Account for AWS Network Factors
Issues outside Prometheus often explain “random” failures.
- Security groups: confirm ports for targets and
remote_write
. - Cross-AZ latency: watch scrape duration for cross-AZ targets.
- ELB quirks: health checks and idle timeouts can clash with scrape intervals.
- EBS throttles: check CloudWatch for volume IOPS/throughput caps during compaction.
Next Steps
Pick the deployment model that fits your current scale: single Prometheus for smaller setups, federation for multi-region clusters, or AMP if you want AWS to manage infrastructure. Focus on stable service discovery and storage first, then expand into AWS services like ELB, RDS, and Lambda as visibility needs grow.
Where Last9 Adds Value
Pairing Prometheus with Last9 ensures you keep visibility without the usual cost or performance trade-offs:
- Sensitive-data filtering and remapping — Control what labels and values are ingested, so you avoid sending unnecessary or sensitive metadata upstream.
- Streaming aggregation — Aggregate or compress data before storage to reduce cost while preserving key signals.
- Cold storage with rehydration — Store months or years of metrics in cost-efficient S3-style storage and pull them back when long-range queries are needed.
- High-cardinality support — Handle workloads with millions of unique labels while keeping queries responsive.

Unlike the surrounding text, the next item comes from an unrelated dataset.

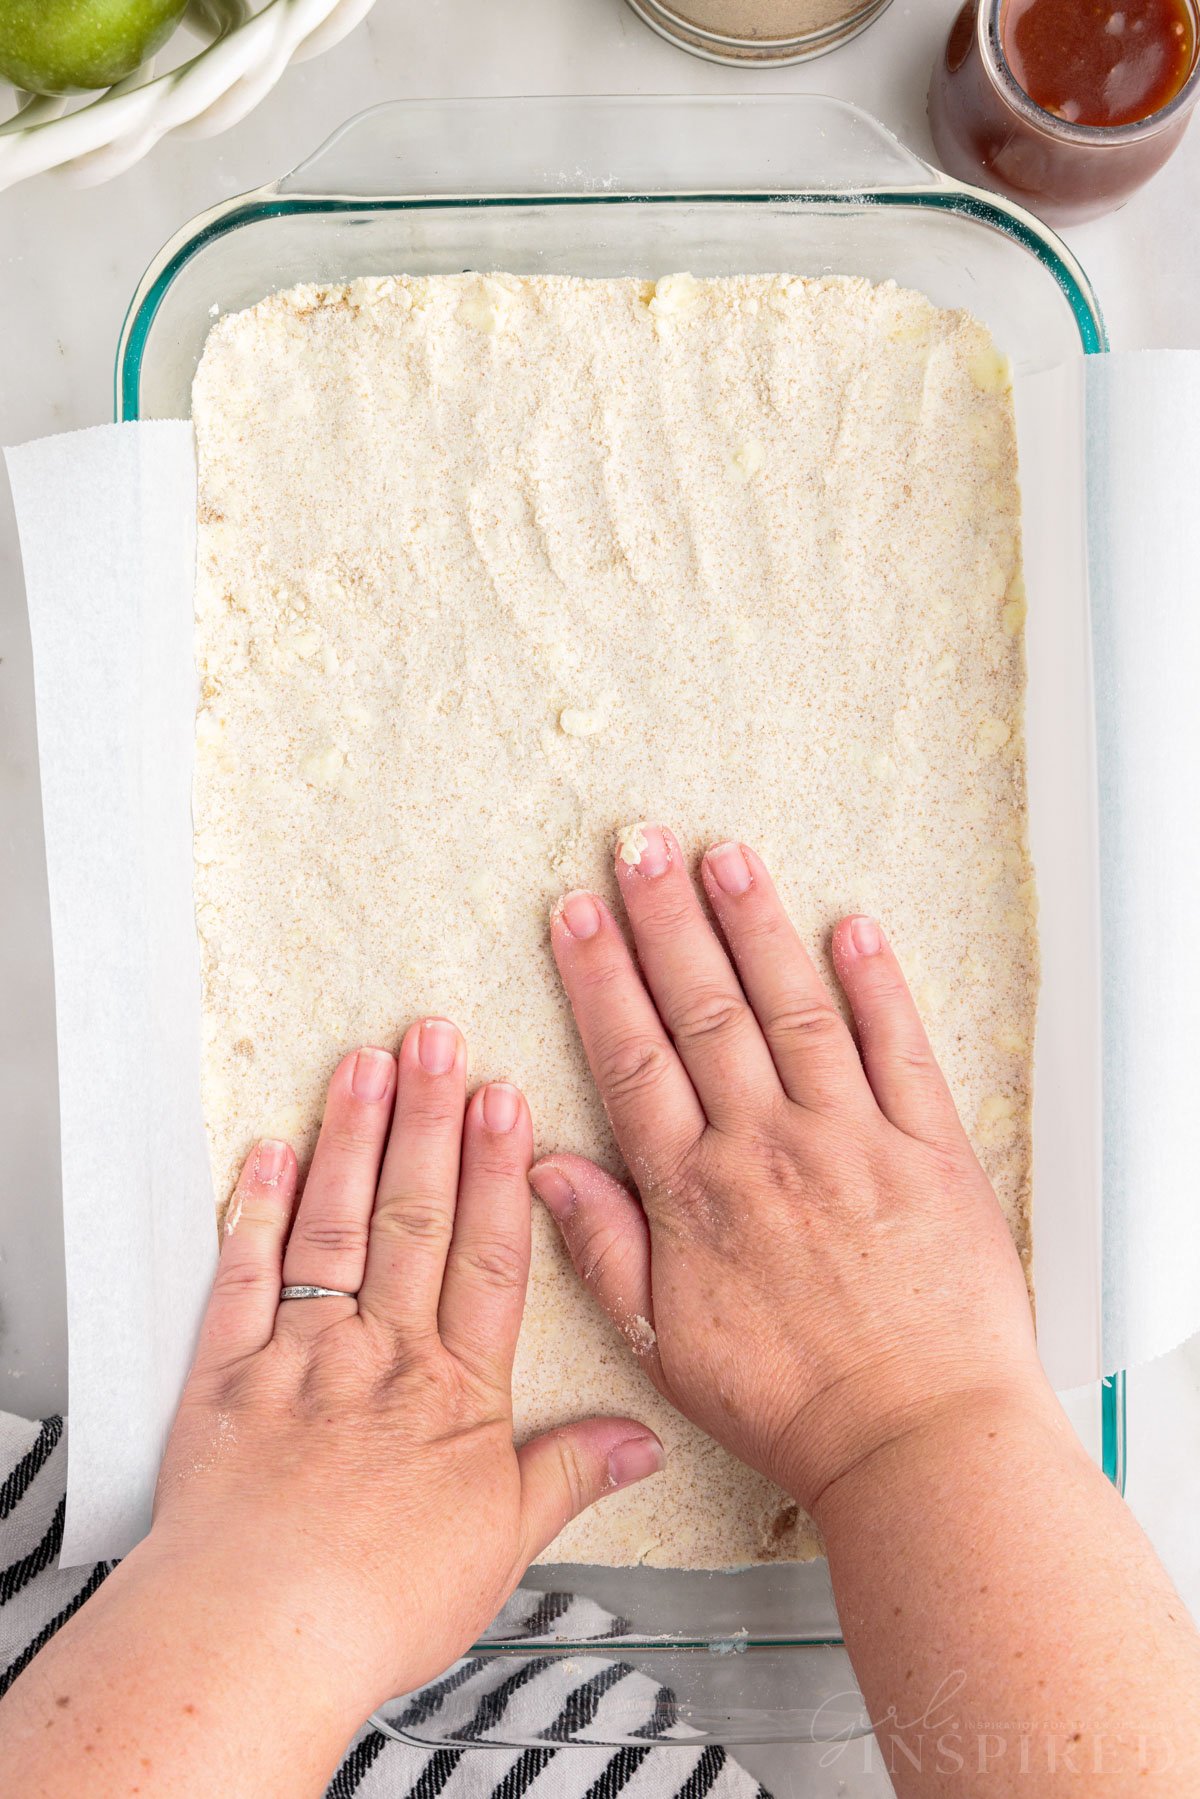 Hands pressing shortbread crust ingredients into parchment paper-lined glass baking dish.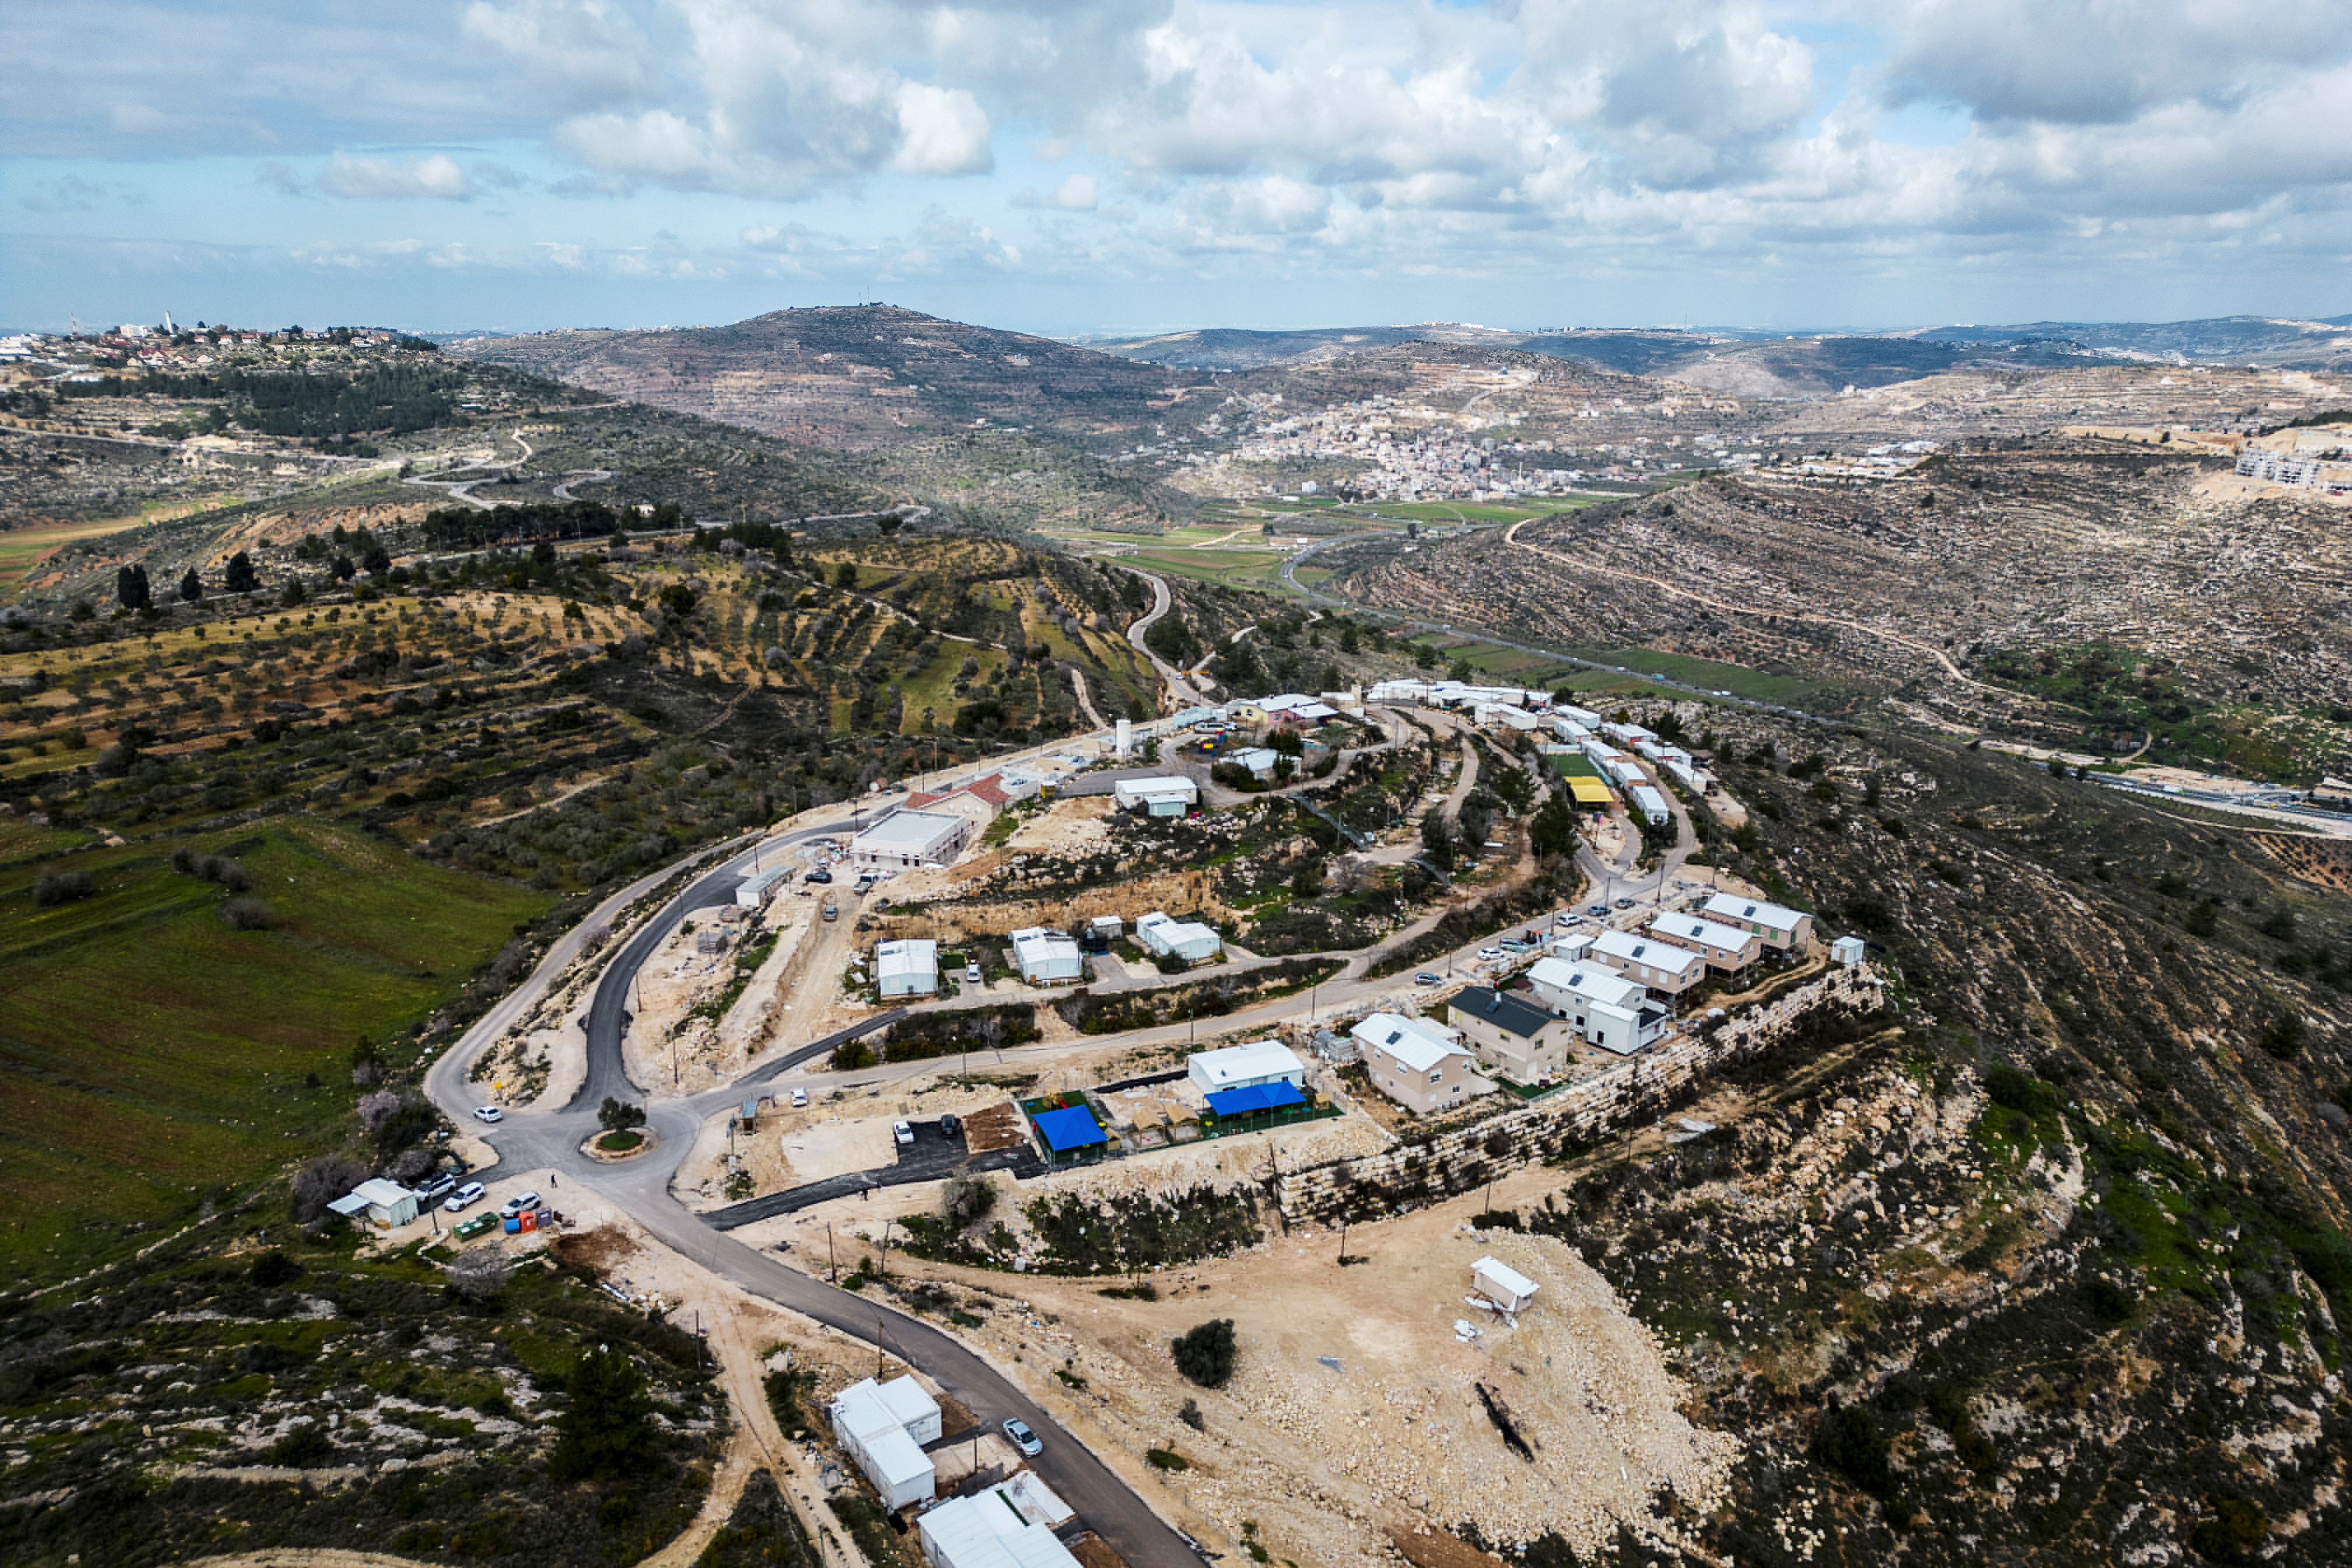 An aerial view shows mobile homes in the Jewish settlement of Givat Haroeh in the Israeli-occupied West Bank

Integrating Last9 into your AWS Prometheus pipeline gives you the flexibility to scale telemetry volume, retention, and analysis without running into bottlenecks or unpredictable bills.
Start for free today or talk to your team to discuss how it fits into your stack!
FAQs
Q: Should I use Amazon Managed Service for Prometheus or self-hosted?
A: Use AMP if you prefer managed infrastructure and can work within its fixed retention and configuration limits. Choose self-hosted if you need control over storage tuning, custom recording rules, or federation setups.
Q: How do I run Prometheus with high availability across AWS availability zones?
A: Deploy multiple Prometheus instances with identical configurations, add external labels to distinguish them, and route queries through a load balancer that targets healthy nodes.
Q: What’s the best way to monitor EC2 instances and EKS workloads together?
A: Combine service discovery methods: ec2_sd
for EC2 instances and kubernetes_sd
for pods. Use consistent labels (e.g., environment
, region
) to make correlation easier.
Q: How much does remote_write cost on AWS?
A: Same-region traffic is typically under $0.09/GB
. Cross-region transfers range from $0.09–0.15/GB
depending on the source and destination regions.
Q: Can I migrate from self-hosted Prometheus to AMP without losing data?
A: AMP doesn’t support importing existing data. The common approach is to run both systems in parallel and use remote_write
to AMP while keeping local storage until the cutover is complete.
Q: What retention period works best for Prometheus on EKS?
A: Keep 15 days on local storage for fast queries. Use remote storage such as S3 via Thanos for longer retention. Most teams want 1–2 weeks of immediate visibility, with older data acceptable at reduced resolution.